知らない場所で珍しいキノコを探すには案内人が不可欠。やみくもに探すのは地図無しで埋蔵金を探すようなもの。だがコノミタケはマツタケと並ぶほどの高級キノコであり、その場所は親にも子にも教えない最高機密らしい。それを無関係の我々に教えてくれるという奇特な方は、なかなか現れないだろうというのが北沢さんの見解だ。
そこで我々が向かった先は、この時期になると天然のキノコ料理を出すという能登町のかじ旅館。北沢さんの知り合いの知り合いであるご主人の鍛冶錬太郎さんは、能登のキノコ事情に大変詳しいそうで、コノミタケに関する情報をいろいろ教えていただけそうとのこと。
鍛冶さんが語るキノコにまつわる話は大変興味深く、得るものが多いインタビューとなったのだが、同時に今回の調査で我々がコノミタケを自力で手にできる可能性がほぼゼロであるという現実を知らされることとなった。
まずは能登町の昔話から紹介する。
・この辺りではキノコのことを「コケ」と呼ぶ。昔からよく食べるのはマツタケとコノミタケで、この二つは別格。それ以外は雑コケと呼び、食べるのはシバタケ(アミタケ)やマツミミ(ハツタケ)、シロマツタケやサマツと呼ばれるモミタケくらいで、マイタケやハナイグチなどは食べる習慣がなかった。

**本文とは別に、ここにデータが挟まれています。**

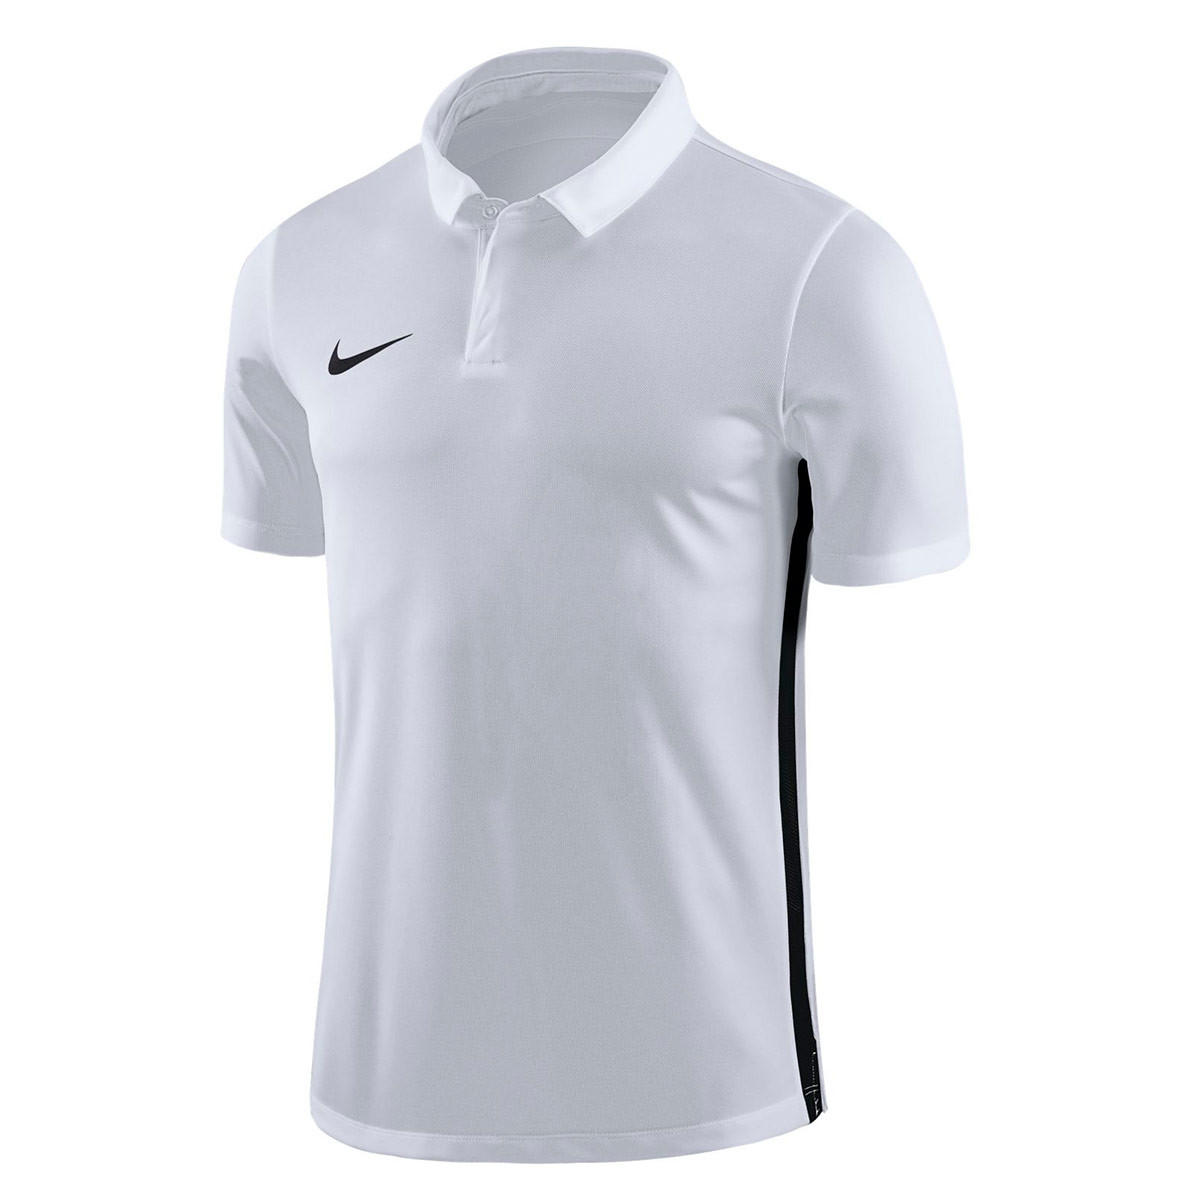 Polo Nike Academy 18 m/c White-Black - Tienda de fútbol Fútbol Emotion

戦後の食糧難、季節の味を楽しむ習慣、食べられるキノコの知識が広まったことから、今では多くの種類が食べられている。
・ 現在70歳の鍛冶さんが小さい頃は炭焼きさんが多く、山で焼いたナラやクヌギの炭を背負って村まで運ぶ途中、道端に生えているマツタケやコノミタケを持てる分だけオカズとしてよく採っていた。

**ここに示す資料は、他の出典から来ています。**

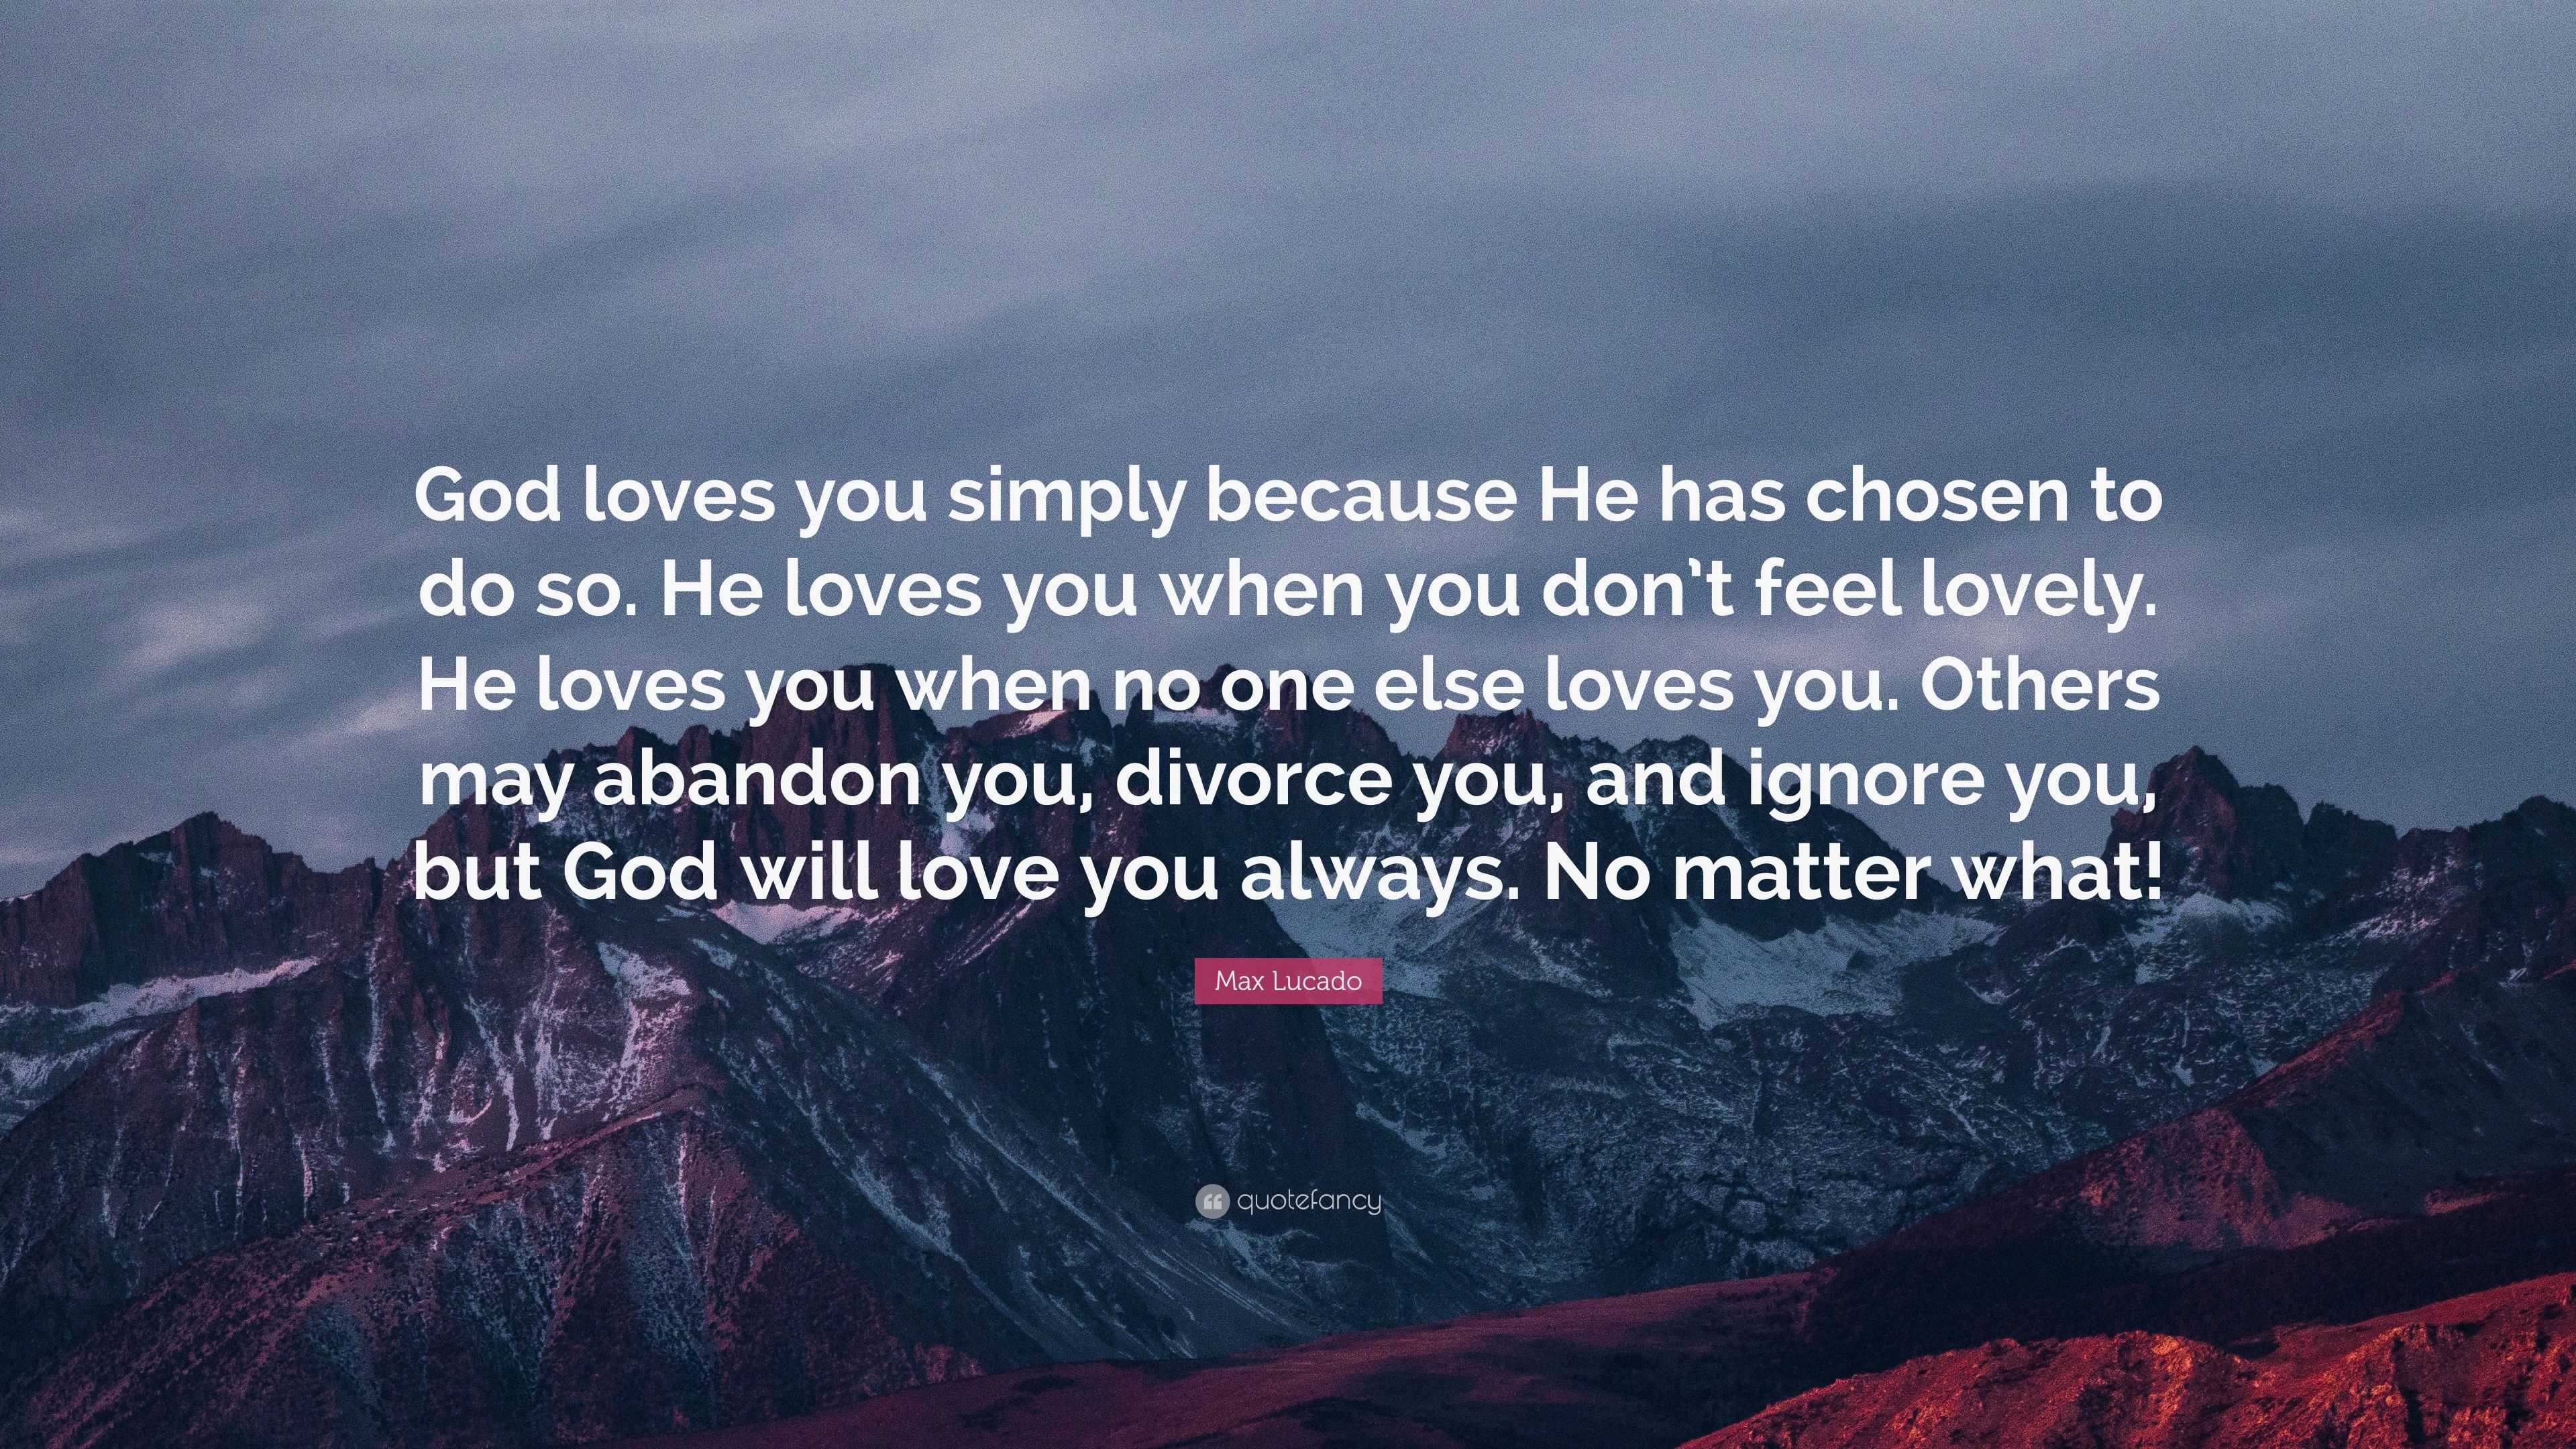 Max Lucado Quote “God loves you simply because He has chosen to do so

・採ったマツタケを洗って味噌に漬けて、それを翌日弁当箱へ入れて炭焼き小屋に行き、窯の上で焼いて食べたりしていた。
・炭や塩作りの燃料となるアカマツの林にマツタケが、炭の材料となるナラ(ドングリ)の近くにコノミタケは出る。特にコノミタケは毎回同じ場所に生えるキノコなので、炭焼きさんは出る場所をよく知っていた。
・明治生まれの鍛冶さんのお祖母さんから、小さい頃に炭焼きさんからマツタケやコノミタケをもらった記憶があると聞いたので、少なくともその頃から食べられている。

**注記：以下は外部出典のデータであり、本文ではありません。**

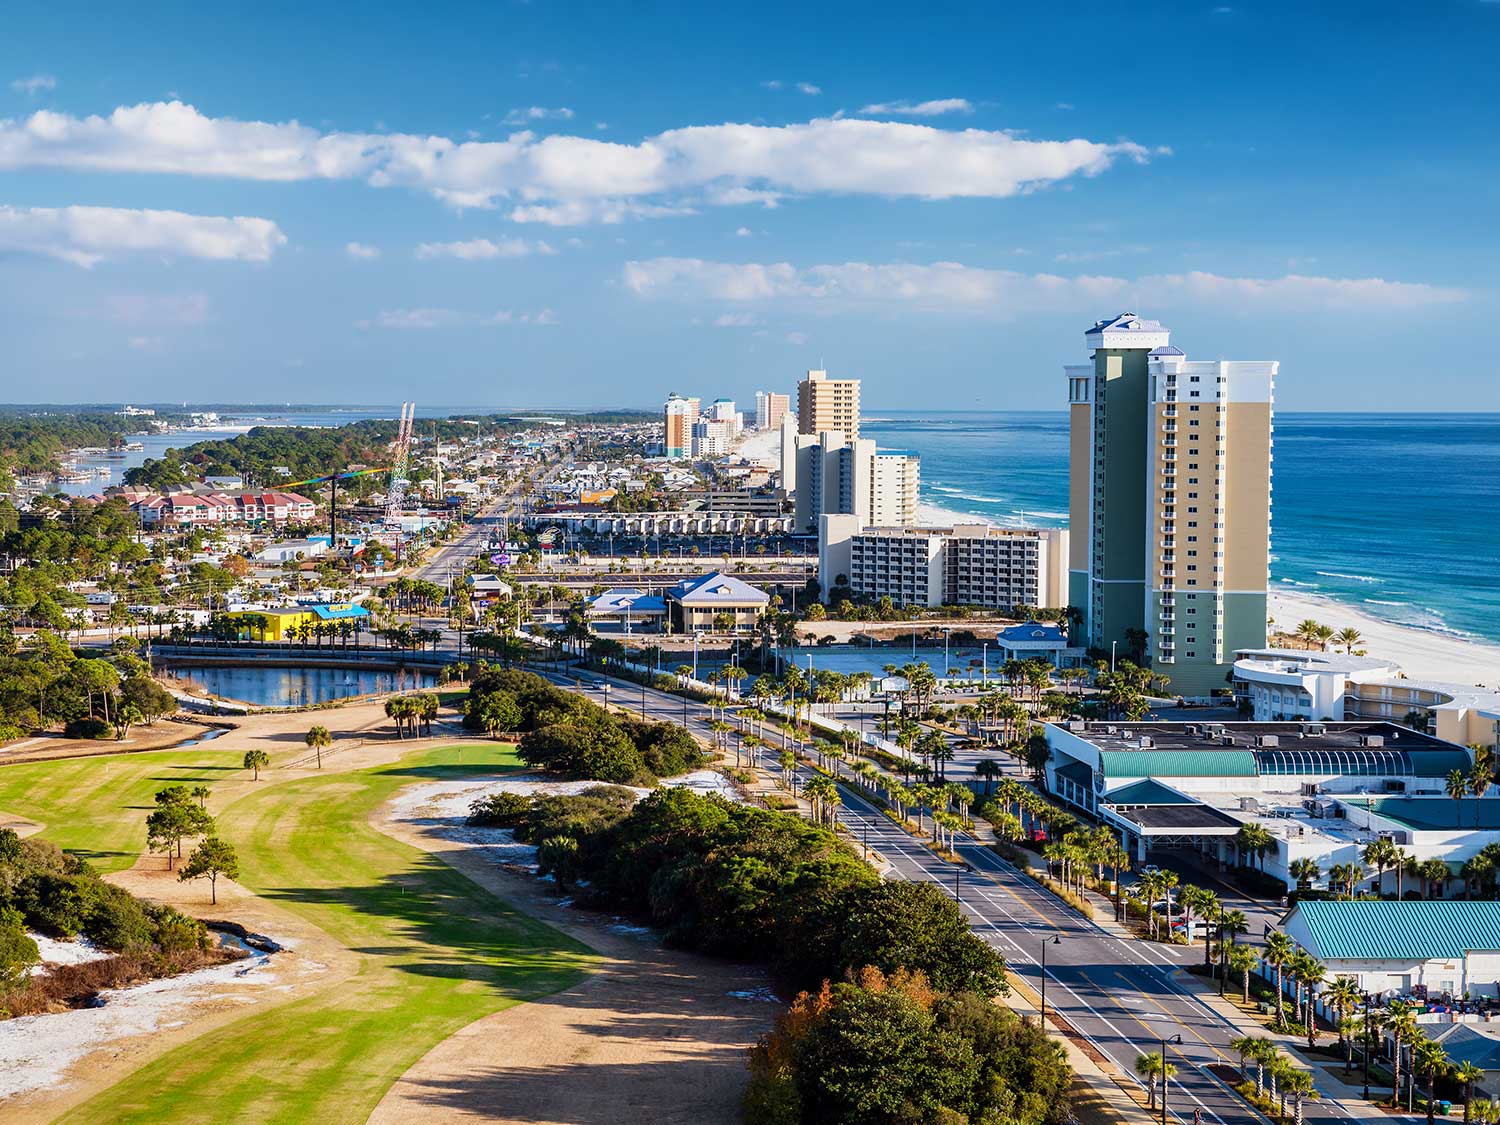 An aerial photograph of Panama City Florida.

・昔はマツタケがたくさん採れたので、小さい頃に友達と裏山に行って、麻袋に入れられるだけ採ったこともある。
・コノミタケが生えるのは山頂付近の厳しいところなので、子供の頃は親から採りに行くなといわれた。長い尾根が続いている大きな山から分かれた、小さい尾根のその先っぽみたいなところの脇。
・ただの食糧だったマツタケやコノミタケも、乱獲や開発のせいなのか、いつしか高級品となった。山が活用されなくなったり、多くの雑木林がキノコの好まない植林地となった影響もあるだろう。
どうやらこの地区に昔からマツタケやコノミタケが多かったのは、炭焼きさんや住人が山を積極的に利用していたからのようだ。 木々を適度に伐採する、落ち葉や枯れ枝を燃料に使う、下草を刈るなど手入れをする。こうした里山文化がキノコの生えやすい環境を守っていたらしい。
コノミタケが今も昔も能登で愛されている理由、そして現在の状況はこうだ。
・コノミタケが好まれる一番の理由は香り。マツタケの倍くらい強い匂いがする。食感も他のコケと違い、サクサクと歯切れがよく、焼きマツタケにも似た感じ。味噌汁、すき焼き、煮物など、あらゆる料理に合う。
・コノミタケはマツタケと同格のキノコで値段も高い。例年で100グラム1500円くらいから。ただ同じ石川県内でも、金沢市の近江町市場にコノミタケを出荷しても評価は低く、シバタケなど雑コケの方が値段が付く。そのため地元にしか出回らない。
・年間で30~40株のコノミタケを採っているのが、今年(2019年)は降水量が極端に少ない上、気温がやたらと高く、キノコ全般が不作。例年であればもう生える時期だが、昨日も山に行ったけれどコノミタケの気配なし。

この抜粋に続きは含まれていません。